Task prompt:
Images are not part of the copy; transcribe all the data exactly.

Source material:
- - -

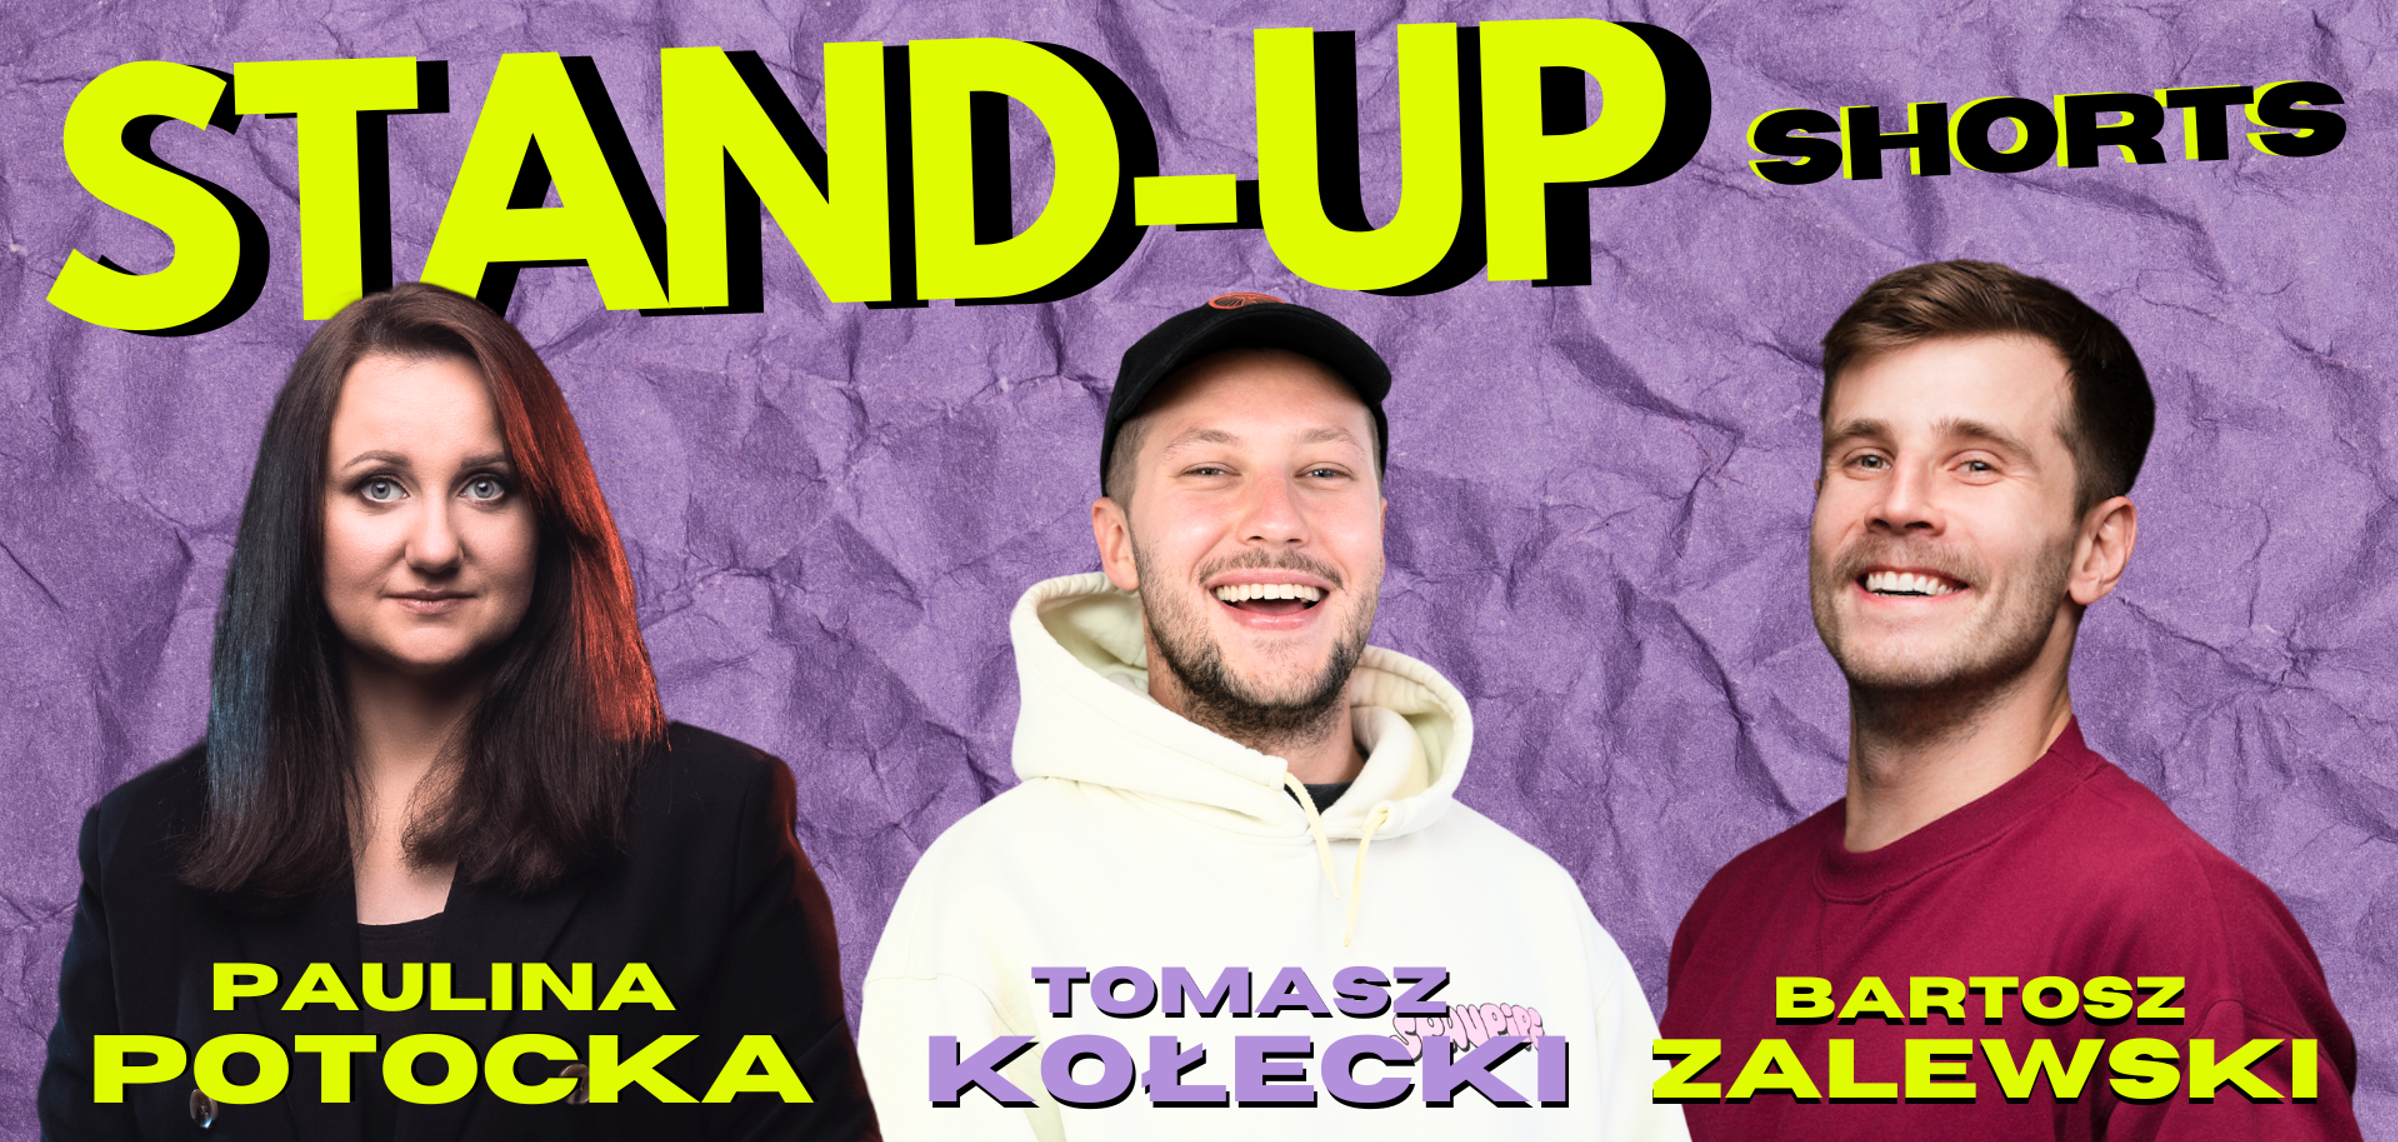 Stand-up Shorts: Kołecki, Potocka, Zalewski
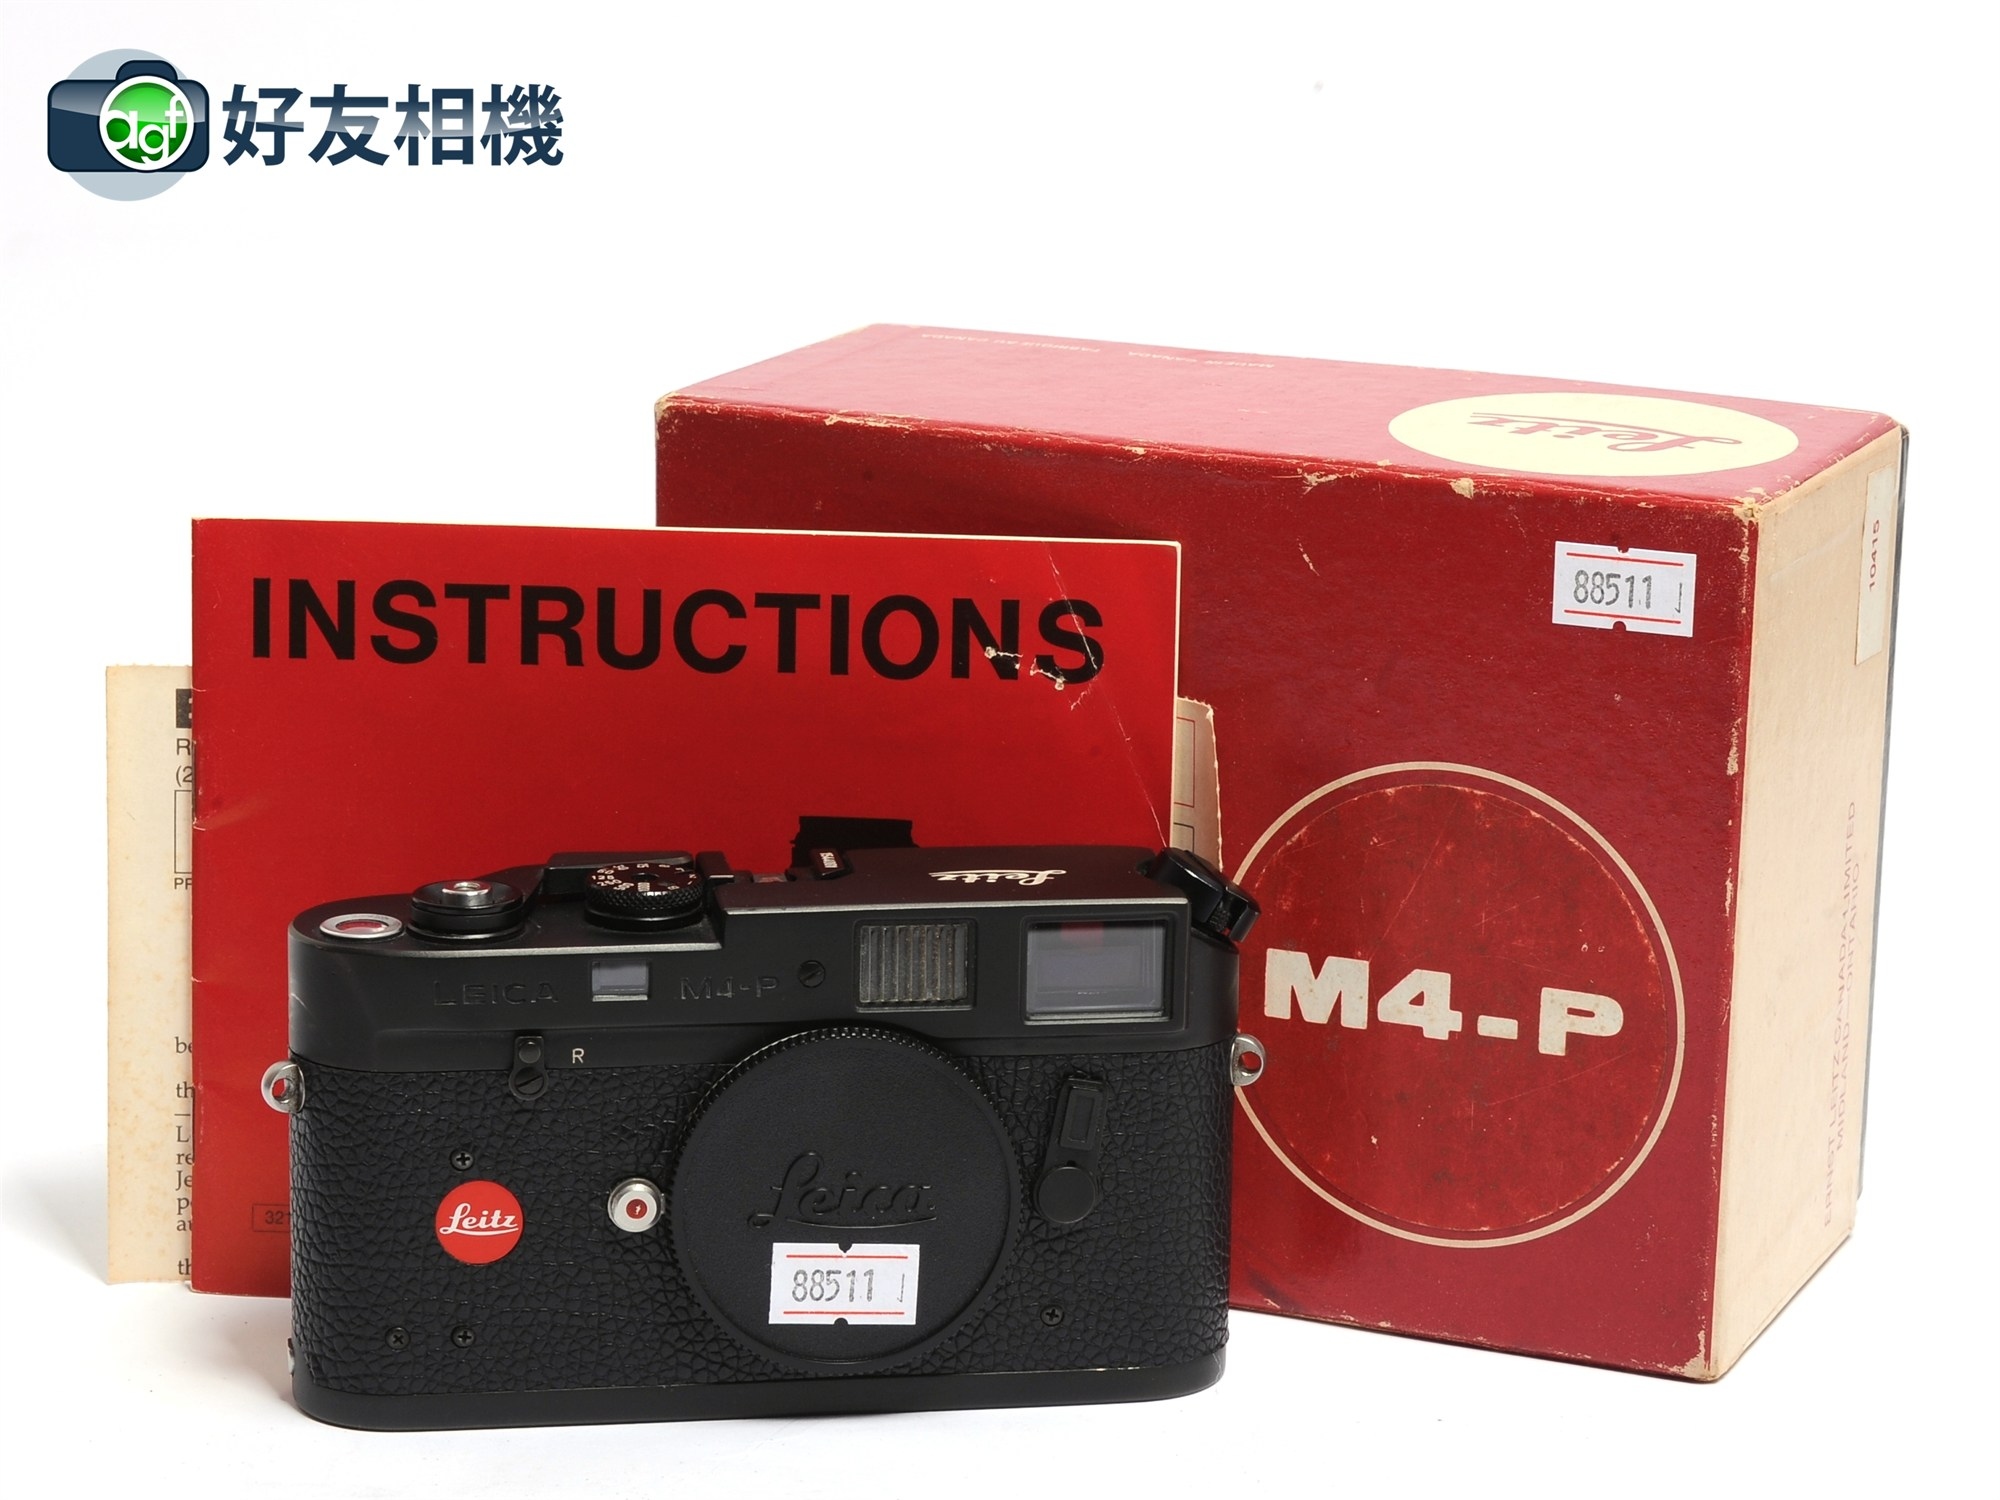 徕卡/Leica M4-P 旁轴相机 胶片机 经典款 黑色
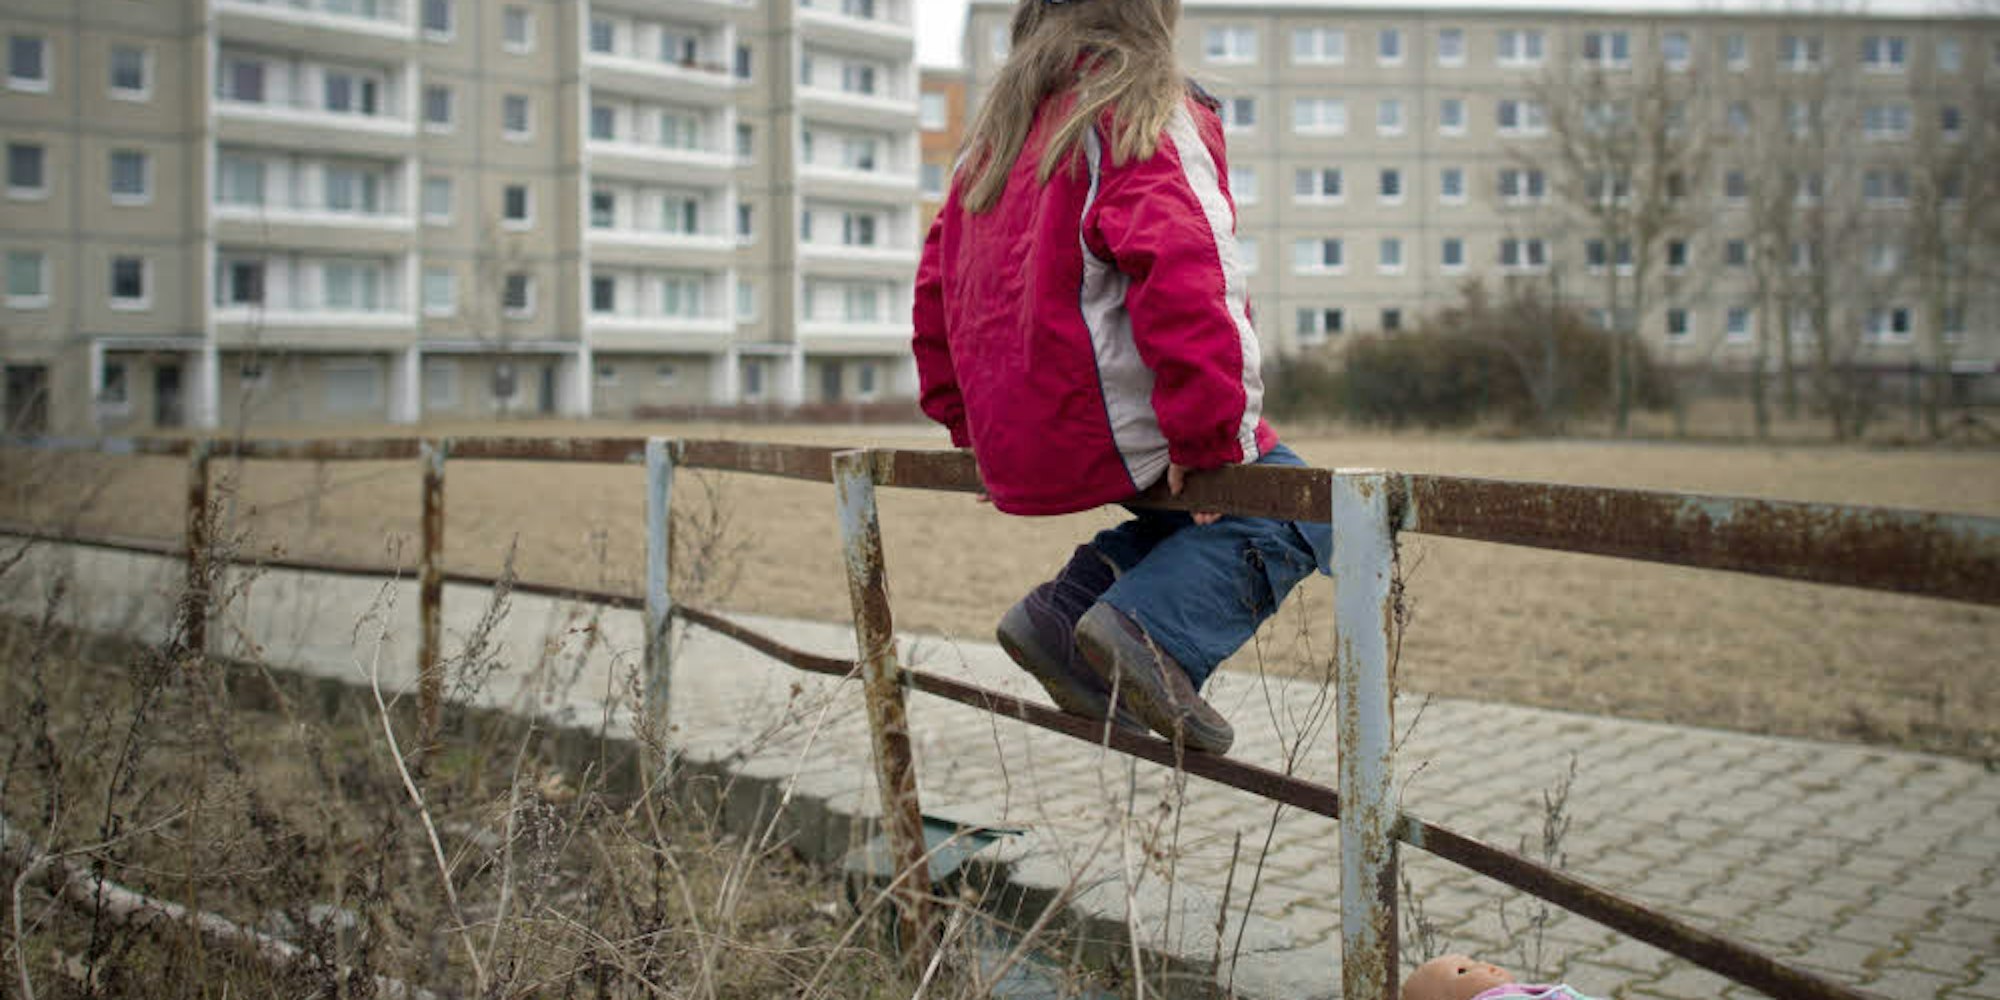 Über 5000 Kinder in Leverkusen leben in Familien mit Einkommen in Form von Sozialleistungen nach Hartz IV.

- - -

Expected output:
 Stand-up Shorts: Kołecki, Potocka, Zalewski
 徕卡/Leica M4-P 旁轴相机 胶片机 经典款 黑色
 Über 5000 Kinder in Leverkusen leben in Familien mit Einkommen in Form von Sozialleistungen nach Hartz IV.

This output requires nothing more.